I read an interesting thread posted on another forum where it was stated not to rely on the manufactures wattage rating on sub par timers. He had two digital timers that lasted 2 years before burning up and made me realize how important it is too choose a safe and reliable timer to handle the startup draw and lamp restart times for HID lights and in case of power loss. 
I'm wondering if anyone has had similar timer malfunctions I'm thinking of buying the HID-2 timer.


----------



## pcduck (Dec 27, 2014)

I used those cheap ones before I got a Tork. Those cheapies would burn up after a few months.


----------



## Gaiant (Dec 27, 2014)

I'm relatively new to indoor grow the stuff I grew was outdoor years back. In my haste to get the grow going I bought a cheap digital timer. Running a 600 watt HID and exhaust fan but will add another 600 soon. The thread I read and the safety issues involved nailed it for me.


----------



## Gaiant (Dec 27, 2014)

I see Grainger sells Tork. Did you hardware it?


----------



## mrcane (Dec 28, 2014)

Hello I am also a newbie and will be setting up a room. will run lights on 220v and will need a good reliable timer... and Ballast.Trying to get all the ducks in a row before I start to build.


----------



## Dman1234 (Dec 28, 2014)

A few dollars are a small price to pay for safety and piece of mind.

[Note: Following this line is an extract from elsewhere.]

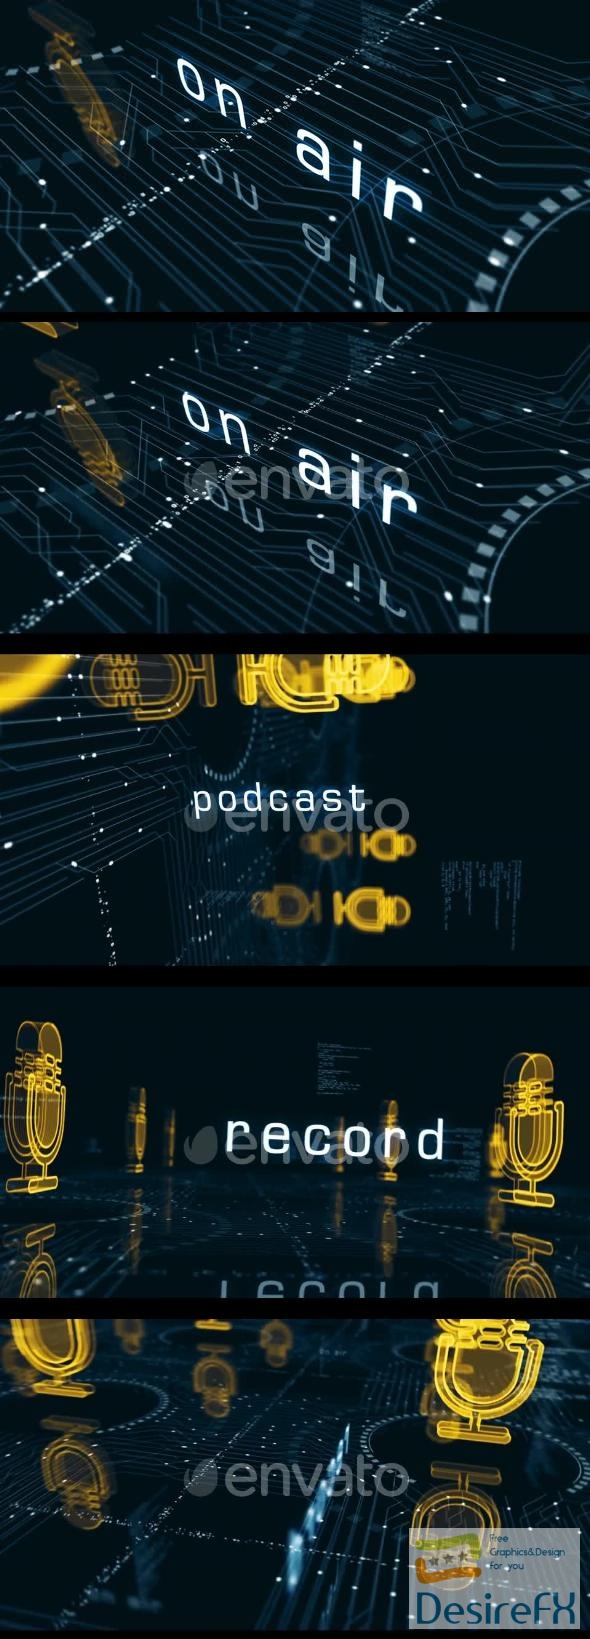 VideoHive Microphone online podcast and on air live record symbols loop cyber concept 47552750

Get a good timer and only run 80% of its max amperage. A 15 amp timer should not have more than 12 amps run through it. Jmo


----------



## mrcane (Dec 28, 2014)

I agree not to skimp on the electrical. Would a good ballast also help on the start up load?


----------



## Gaiant (Dec 28, 2014)

I came across these timers:

the Intermatic commercial 40 amp 120v timer (T101). It's only about $50.
There's also a T104 for 240v and a T104P double pole timer that operates two 40 amp 120v circuits (or a 240v split into two 120v) on one timer.


----------



## mrcane (Dec 28, 2014)

Looks like you can find them @H.D. Thanks for the info. Want to set it up as safe as possible.


----------



## 000StankDank000 (Dec 28, 2014)

The biggest thing people over look is safety. If you start getting into a lot of amp draw might want to put a self contain fire suppresser in your tent you have a fire it opens up and puts it out


----------



## lyfespan (Dec 28, 2014)

mrcane said:


> Hello I am also a newbie and will be setting up a room. will run lights on 220v and will need a good reliable timer... and Ballast.Trying to get all the ducks in a row before I start to build.

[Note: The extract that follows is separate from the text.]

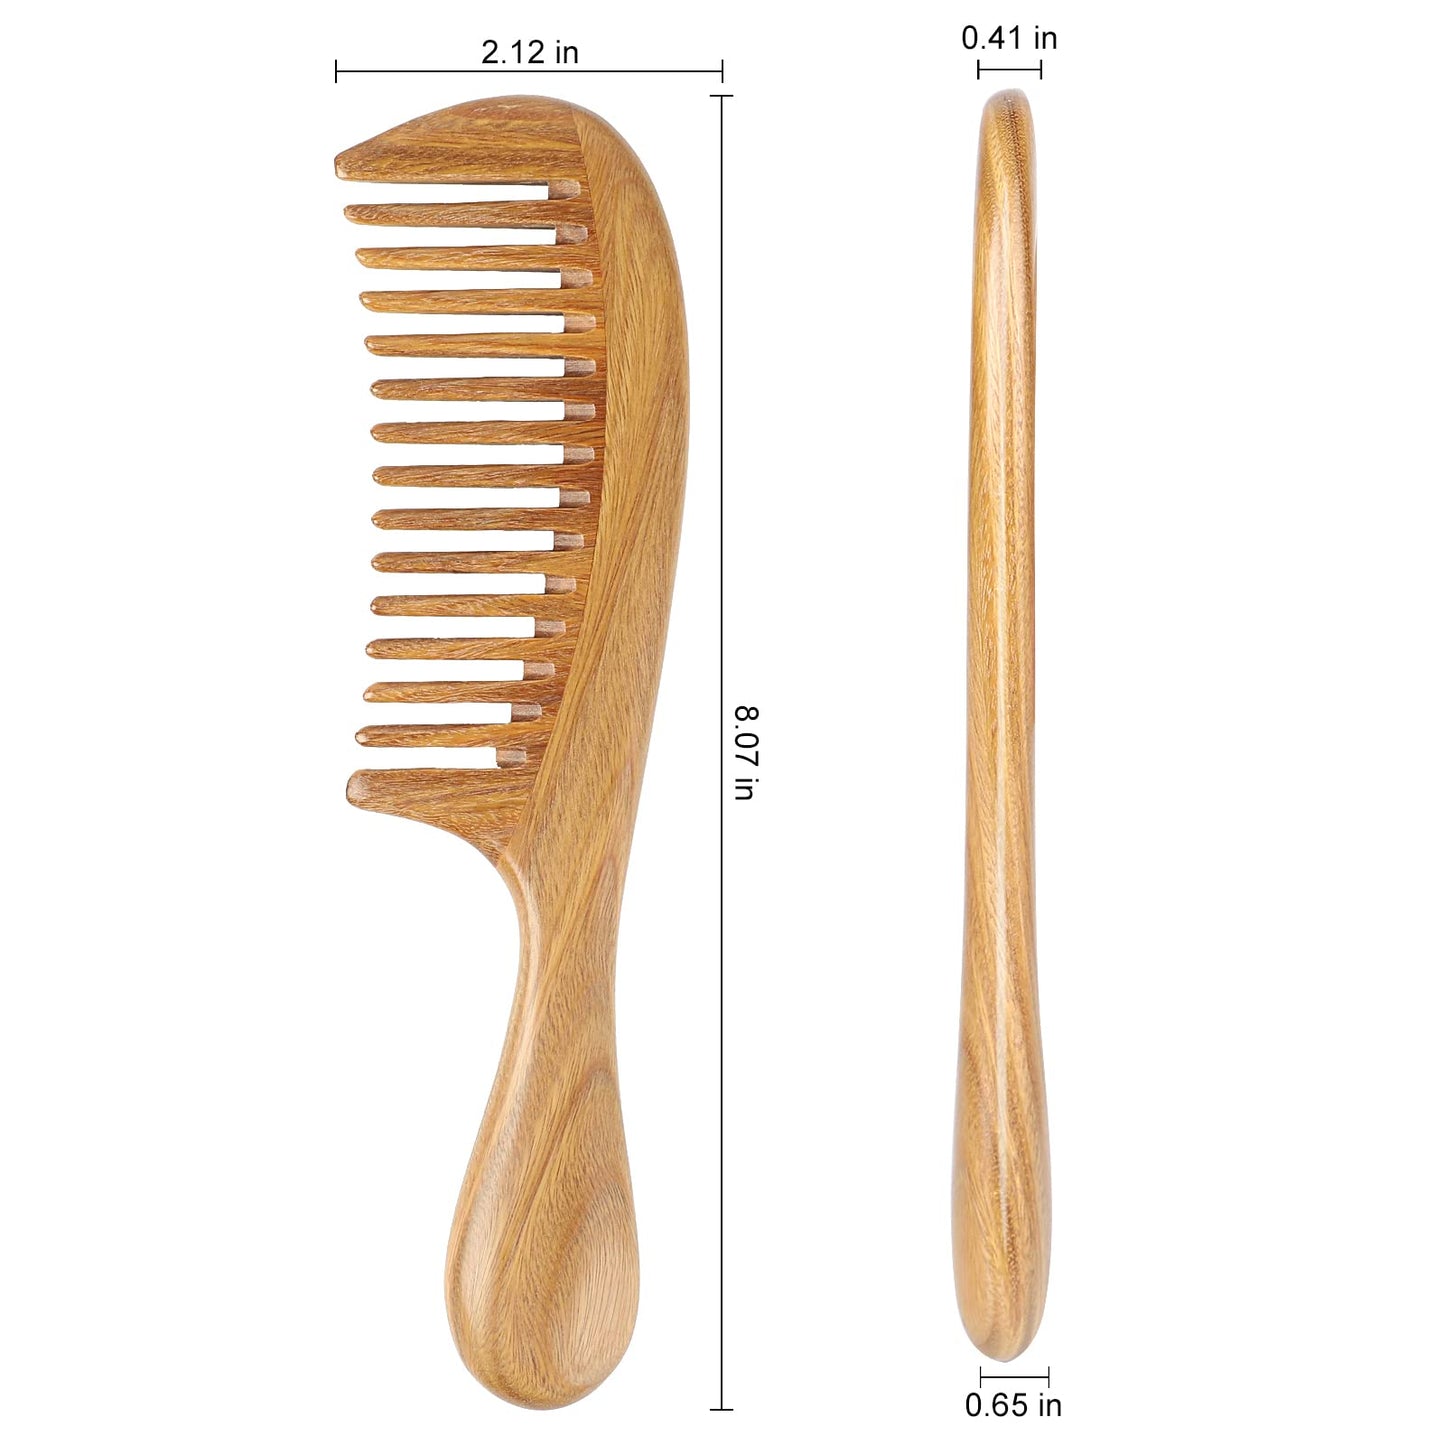 Onedor Handmade 100% Natural Green Sandalwood Hair Combs - Anti-Static Sandalwood Scent Natural Hair Detangler Wooden Comb (Wide Tooth),1 Count (Pack of 1)

Save your money on the timers. Let's do this right, how many rooms, how many light runs, how many per run?

With 220v run to the lights, let's look at a contactor system for you. This will allow for a nice 110v timer to fire the 220v light systems.


----------



## lyfespan (Dec 28, 2014)

[ame="http://www.amazon.com/Packard-C230A-Pole-Contactor-Volt/dp/B003U7W3SM/ref=sr_1_fkmr0_1?ie=UTF8&qid=1419811697&sr=8-1-fkmr0&keywords=Packard+C230B+2+Pole+30+Amp+Contactor+12+Volt+Coil+Contactor"]http://www.amazon.com/Packard-C230A-Pole-Contactor-Volt/dp/B003U7W3SM/ref=sr_1_fkmr0_1?ie=UTF8&qid=1419811697&sr=8-1-fkmr0&keywords=Packard+C230B+2+Pole+30+Amp+Contactor+12+Volt+Coil+Contactor[/ame]

Cheapest multi light run controller system utilizing 1 of these per run, each contactor fired from a 24v sprinkler timer, this way you can dial each station for each run of lights. Get as elaborate with your sprink timer as you want, just remember you're target cost should be below other lighting controllers on the market.

Yes I'm a licensed electrician, and general contractor


----------



## mrcane (Dec 28, 2014)

I Have 2 ea 110v receptacles each with 20amp. breakers and one 220v line with 30 amp. on each leg. Going to run the 220 for light. 1000 watt Ballast. Maybe put fan on it also. My thought was more volts less amps = Less $$$ ?? NO??


----------



## lyfespan (Dec 28, 2014)

mrcane said:


> I Have 2 ea 110v receptacles each with 20amp. breakers and one 220v line with 30 amp. on each leg. Going to run the 220 for light. 1000 watt Ballast. Maybe put fan on it also. My thought was more volts less amps = Less $$$ ?? NO??



You are correct when you increase the voltage, you decrease the amps pulled 120v 1000 watt lights pull about 9-11 amps, while 220v pull 3.5-7 amps.

Sounds like you have all the power you need for using a lighting contactor, and a place 120v rec. to plug in your sprinkler timer.


----------



## mrcane (Dec 28, 2014)

What I have is a 3'x 5' space  has two 110v outlets Ea. with 20 amp. breakers and a 220v line with 30 amps on ea leg. My thoughts were to run the lights 1000 watt and maybe exhaust fan on the 220v. Is it not more volts = less amps = Less$$$ power??


----------



## lyfespan (Dec 28, 2014)

If you're only running one light you will need to change the breaker to a 15 or 20 amp, the wire size being bigger is fine, but if you run an over sized breaker, it will not trip until 30 amps is overloaded.


----------



## mrcane (Dec 28, 2014)

Thanks  Lyfespan looks like I repeated my self here :vap-Bong_smoker:


----------



## lyfespan (Dec 29, 2014)

mrcane said:


> Thanks  Lyfespan looks like I repeated my self here :vap-Bong_smoker:



I can give you a diagram to wire it all up as well if your interested in that type of system.


----------



## pcduck (Dec 29, 2014)

Gaiant said:


> I see Grainger sells Tork. Did you hardware it?



Yes I hardwired it. I also ran dedicated lines to both of my tents.


----------



## mrcane (Dec 29, 2014)

Ah I see said the blind man...  all you use the 110v timer for is to  pull in the contacts "No Load" Similar to motor controllers I have worked with in the past..


----------



## lyfespan (Dec 29, 2014)

mrcane said:


> Ah I see said the blind man...  all you use the 110v timer for is to  pull in the contacts "No Load" Similar to motor controllers I have worked with in the past..



Correct. 110v sprink timer sends the 24v to close the coil and turn the 220v on.


----------